I know it's partly a matter of personal taste, and I don't want heavy reverb that tires the listener, 
but I am aware that each program uses it's own algorithms and so the reverb that is produced is unique.

On this forum I'm hoping there are some who have experimented with many available reverbs for similar music production and can give me some helpful advice.
Thank you!


----------



## doctoremmet (Apr 2, 2021)

Best Reverb Plugins for Cinematic Orchestral & Trailer Music


Hey Everyone, I've been using NI's RC 48 and Valhalla Supermassive for a year now and I am getting good results with them. Many artists prefer Blackhole and Valhalla Room. How good are these plugins? My humble understanding of reverberation is to have a convolution reverb on the master bus so...




vi-control.net


----------



## doctoremmet (Apr 2, 2021)

My reverb adventure reaches an end....


I like a lot of reverb on music, whether it's real instruments in real space, or virtual instruments in sample world. Some people think lots of reverb is for beginners only. I think... no. If you follow the VI-Control Discord, you may have noticed that I've been obnoxiously caught up in reverb...




vi-control.net


----------



## doctoremmet (Apr 2, 2021)

The ones I recommend:

For spatialization:
- MConvolutionMB (for convolution)
- Waves IR1 (for convolution) 
- Eareckon EAReverb2 (2D staging)
- DearVR Pro (2D staging)
- MReverbMB (2D staging)

For tails:
- Valhalla Vintage Verb (Lexicon vibe)
- MTurboReverb (if I want to dive deep)
- Cinematic Rooms (transparent)
- Seventh Heaven Core (preferred sound)
- the Relab verbs (sound good)
- Waves H-Reverb (sounds good)

If I had to pick a pair:
- MConvolutionEZ or MB
- Seventh Heaven Core

Can’t fail with those two. One of which is basically free and the other’s $69.


----------



## CatComposer (Apr 2, 2021)

doctoremmet said:


> The ones I recommend:
> 
> For spatialization:
> - MConvolutionMB (for convolution)
> ...


Thank for the tips!
Do you know if any are more suited for small rooms?
The Berlin Solo Woodwinds were recorded in the dry Teldex Solo Booth.

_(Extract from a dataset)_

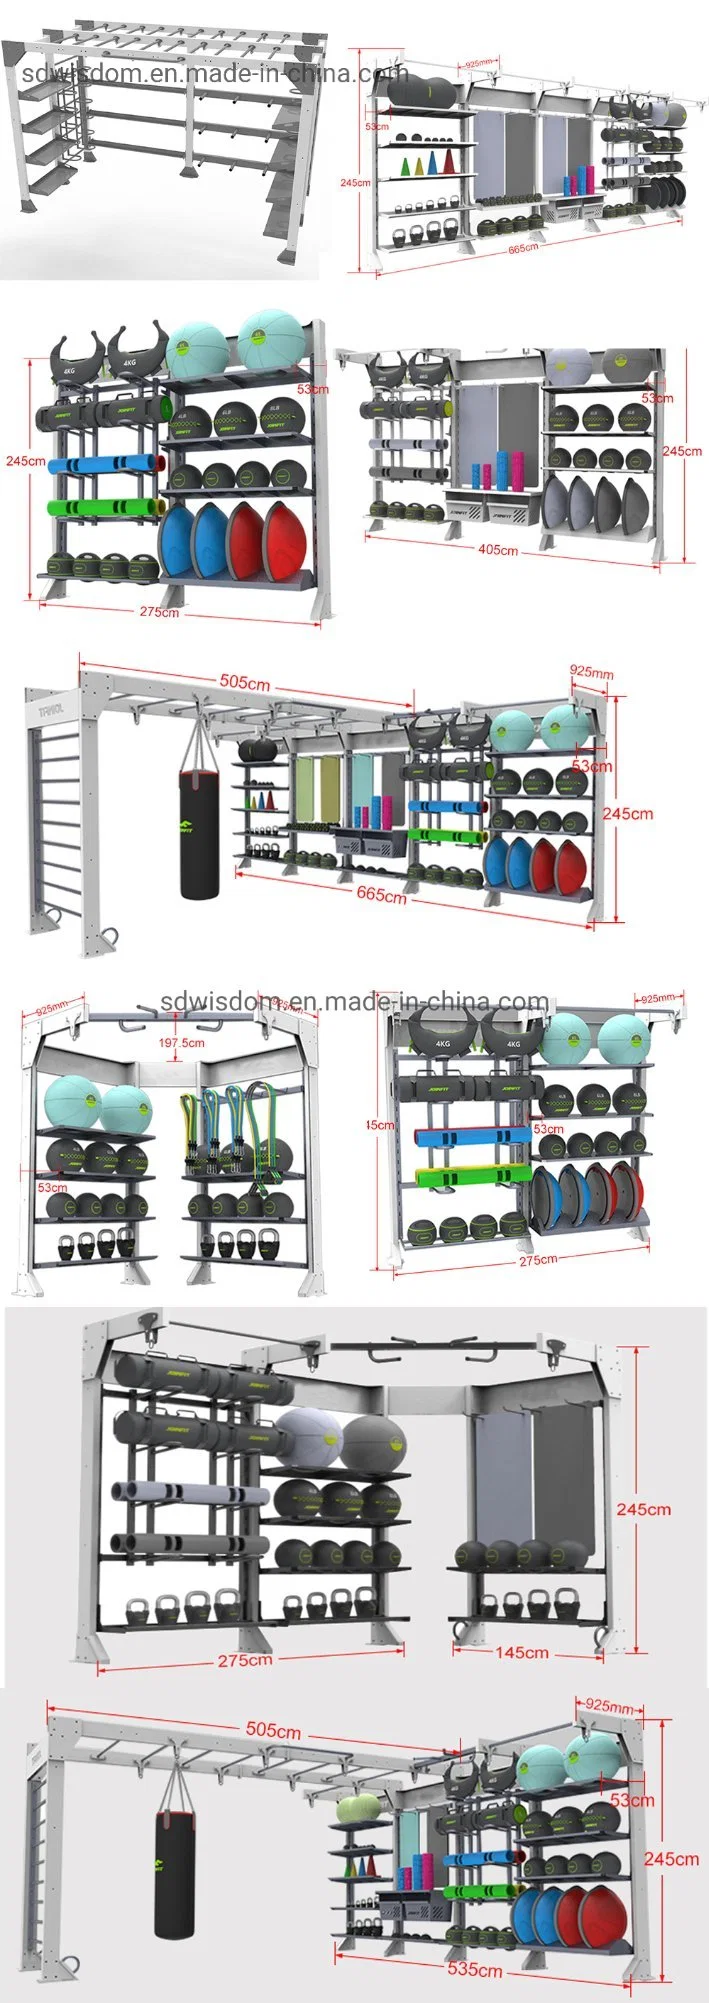 Gym Equipment Home Cross Fit Equipment Multi Storage Rack Barbell Plate Dumbbell Kettlebell Rack for Gym Accessories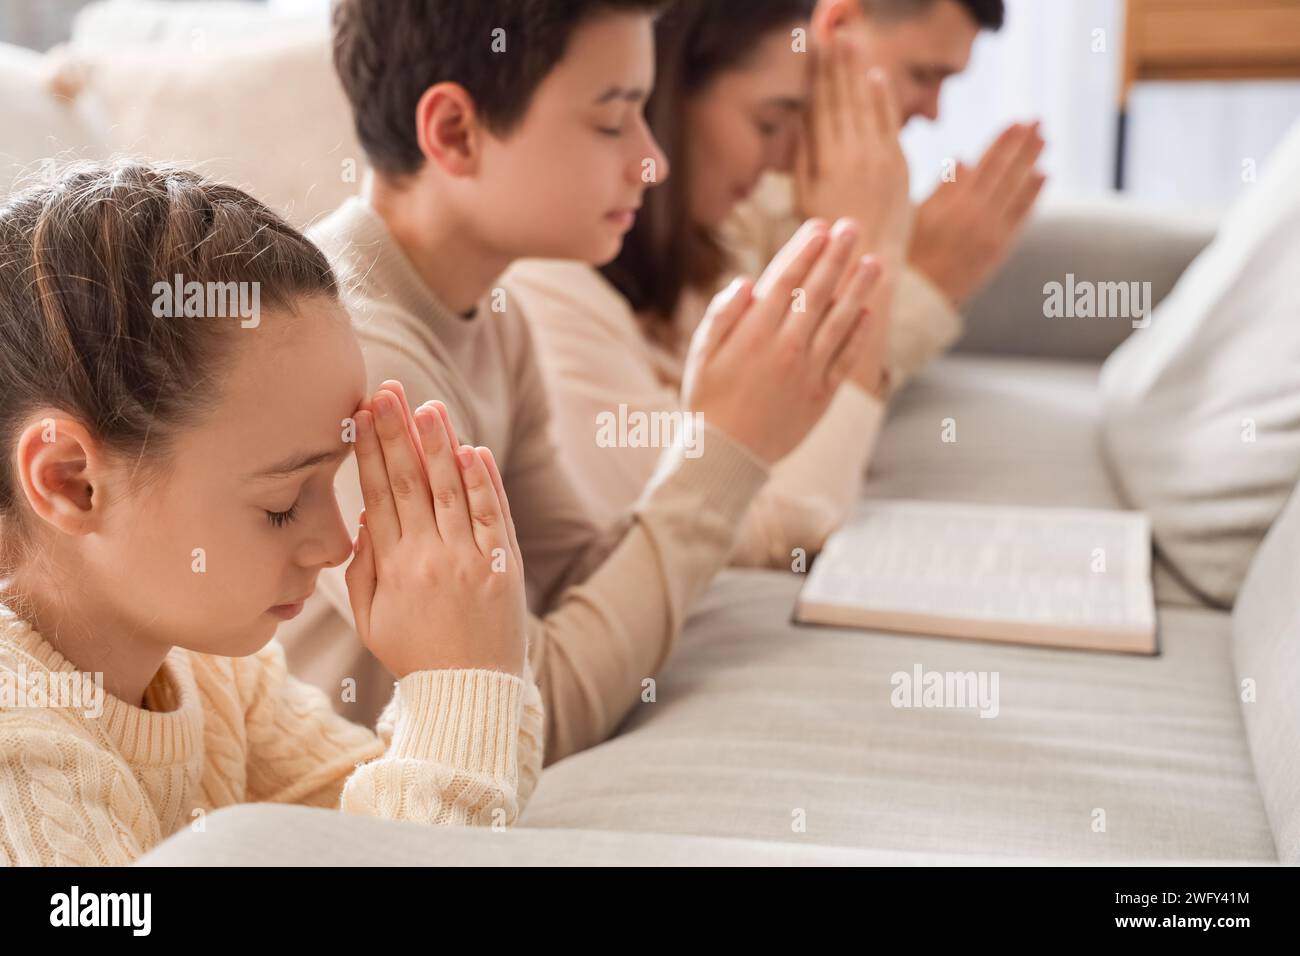 Little girl with her family praying behind sofa at home, closeup Stock Photo

I'm not looking for large hall reverbs as you might use for a full orchestra.


----------



## doctoremmet (Apr 2, 2021)

Most if not all convo reverbs cater for that. In the sense that they offer IRs that were recorded in rooms or smaller venues. Algo reverbs typically have rooms settings as well. Dial in the suitable ERs corresponding to a smaller room, trim down the reverberation time et voila! (For instance: Valhalla Room  )

PS: I know what your next question is going to be. Answer: no, noone has an IR recorded at the Teldex stage, solo booth etc.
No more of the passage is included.